A Agência Nacional de Vigilância Sanitária (Anvisa) publicou duas normas que ampliam de 24 para 658 o número de medicamentos veterinários com limitação de uso. A medida, adotada em 26 de dezembro, busca controlar a quantidade de resíduos dos insumos farmacêuticos em produtos como carne, leite e ovos.
Segundo a própria Anvisa, os principais riscos à saúde humana provocados pelos resíduos de medicamentos veterinários em alimentos estão relacionados a câncer, efeitos na modulação hormonal, alteração da pressão arterial e desenvolvimento de alergias, como à penicilina.

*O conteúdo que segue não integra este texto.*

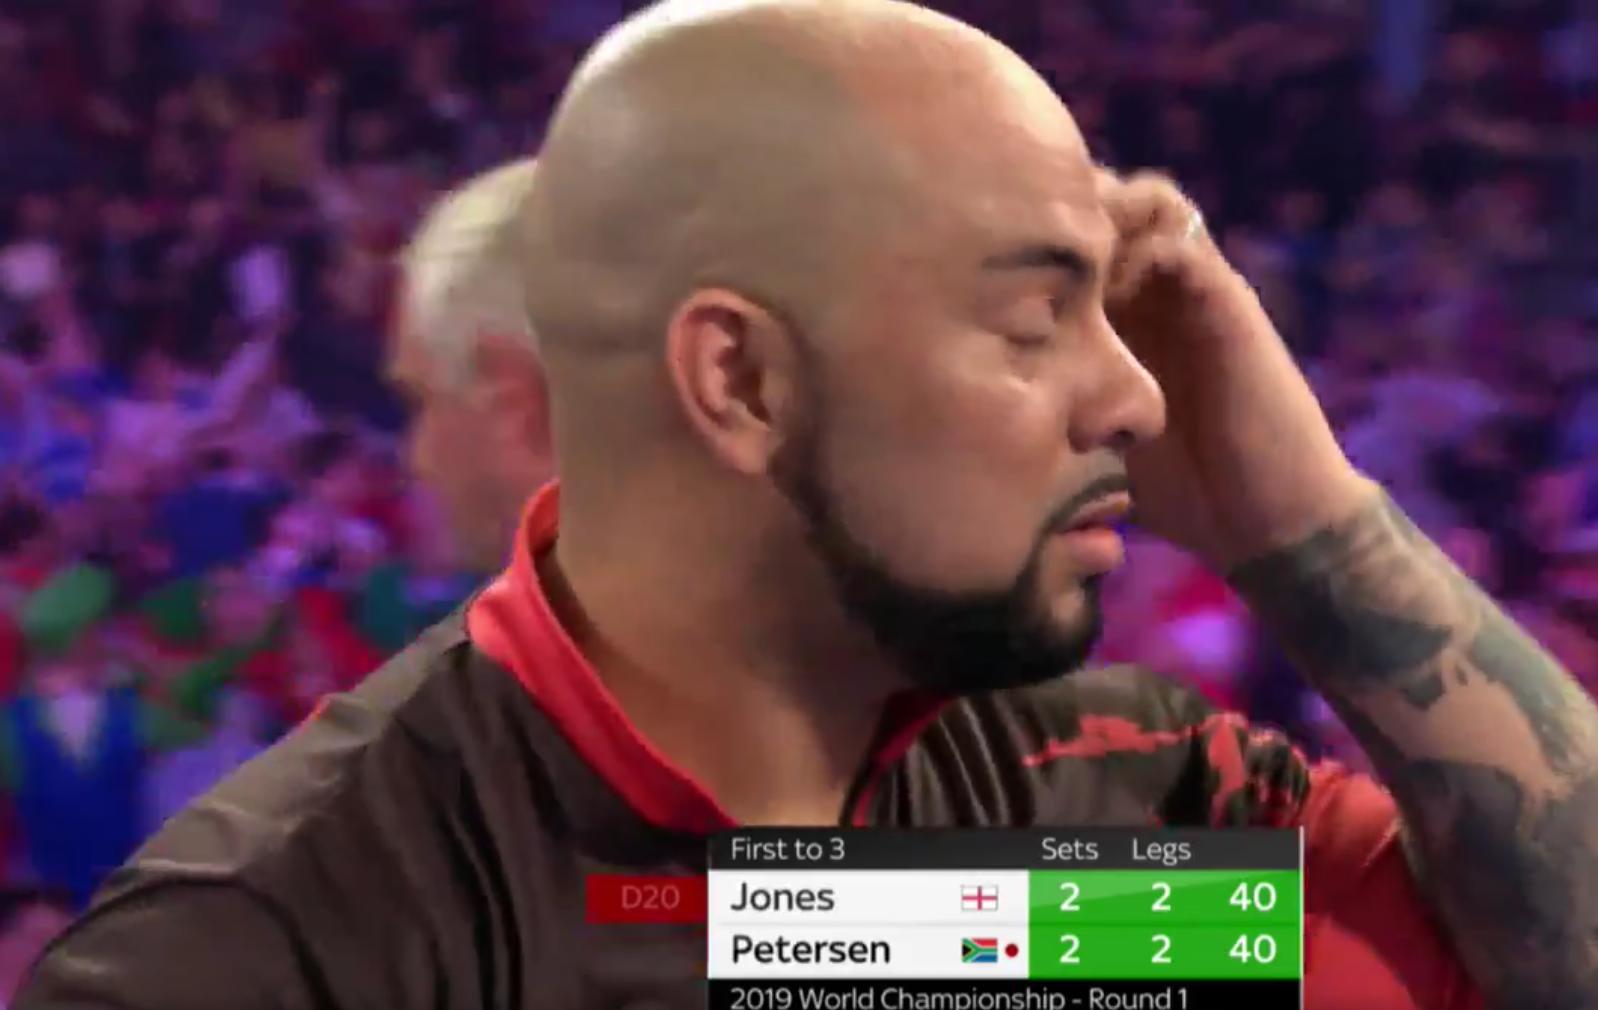 Watch Petersen And Jones Missing Massive 13 Match Darts

As consequências podem variar em decorrência do tipo de medicamento e da quantidade utilizada.
Além disso, o uso indiscriminado de medicamentos em animais também é, de acordo com especialistas, uma das principais causas do desenvolvimento das bactérias resistentes, as chamadas superbactérias.
A decisão da agência preenche um vazio regulatório. Apesar de, anteriormente, apenas 24 medicamentos terem seu uso limitado, havia centenas de insumos farmacêuticos autorizados, entre antimicrobianos, antiparasitários, antifúngicos, hormônios e outras classes terapêuticas.
— Fizemos uma ampliação grande, que vai se refletir no aumento, também, da saúde do consumidor — afirma a gerente-geral de alimentos da Anvisa, Thalita Lima.
A normas usaram como referência o Codex Alimentarius, programa da agência das Nações Unidas para Alimentação e Agricultura (FAO) e da Organização Mundial da Saúde (OMS), além de regulamentações já estabelecidas nos EUA, União Europeia e Japão.
Risco real à saúde
A preocupação já é lugar comum em grande parte do mundo, mas, de acordo com a gerente da Anvisa, ainda não é tema prioritário para o consumidor brasileiro:
— Ainda há muito desconhecimento. Mas há risco real à saúde humana. Avaliamos o consumo agudo, a curto prazo, mas a preocupação é com as consequências decorrentes da exposição alimentar crônica. A longo prazo, esses resíduos também podem levar à resistência microbiana, que, por sua vez, pode causar resistência a antibióticos — diz Thalita.
Dados da OMS indicam que infecções causadas por bactérias resistentes provocam a morte de 700 mil pessoas por ano no mundo e, sem ações severas de combate ao problema, esse número deve chegar a um total de 10 milhões em 2050.
Em novembro passado, a organização realizou a Semana Mundial de Conscientização sobre Antibióticos. De acordo com a entidade, 80% do consumo total de antibióticos no planeta é destinado a uso veterinário.
Uma das orientações é a de que essa classe de remédios não seja usada nos animais para promover crescimento (ela atua na microbiota, ou flora intestinal, para aumentar a absorção de nutrientes) ou prevenir doenças.
Em 2017, o FDA, órgão americano similar à Anvisa, proibiu o uso de antibióticos sem prescrição veterinária e tornou ilegal o uso desses medicamentos para promover o crescimento animal. Mas no Brasil essa prática não só é permitida, como é padrão.
Assessor técnico do Conselho Federal de Medicina Veterinária, o médico-veterinário Fernando Zacchi confirma o uso corrente do antibiótico como promotor de crescimento.
— O papel do veterinário é fazer, de acordo com o sistema de manejo adotado, com que o animal atinja seu potencial genético — diz.
Por exemplo, o frango, ele explica, pode, em 45 dias, atingir dois quilos, com uso do antibiótico. Sem o remédio, só em 60 dias, afirma o veterinário, frisando que há outras formas de se alcançar o objetivo, usando itens como probióticos, prebióticos ou aditivos.
Na Dinamarca, a legislação já impede que os porcos sejam criados com qualquer tipo de antibiótico. Além do incentivo de políticas públicas, no país houve também ação voluntária. Os criadores aprenderam a melhorar a saúde dos animais, dando a eles mais espaço, melhorando a limpeza e a ventilação dos seus ambientes de confinamento e reduzindo o estresse que torna os animais mais suscetíveis a infecções.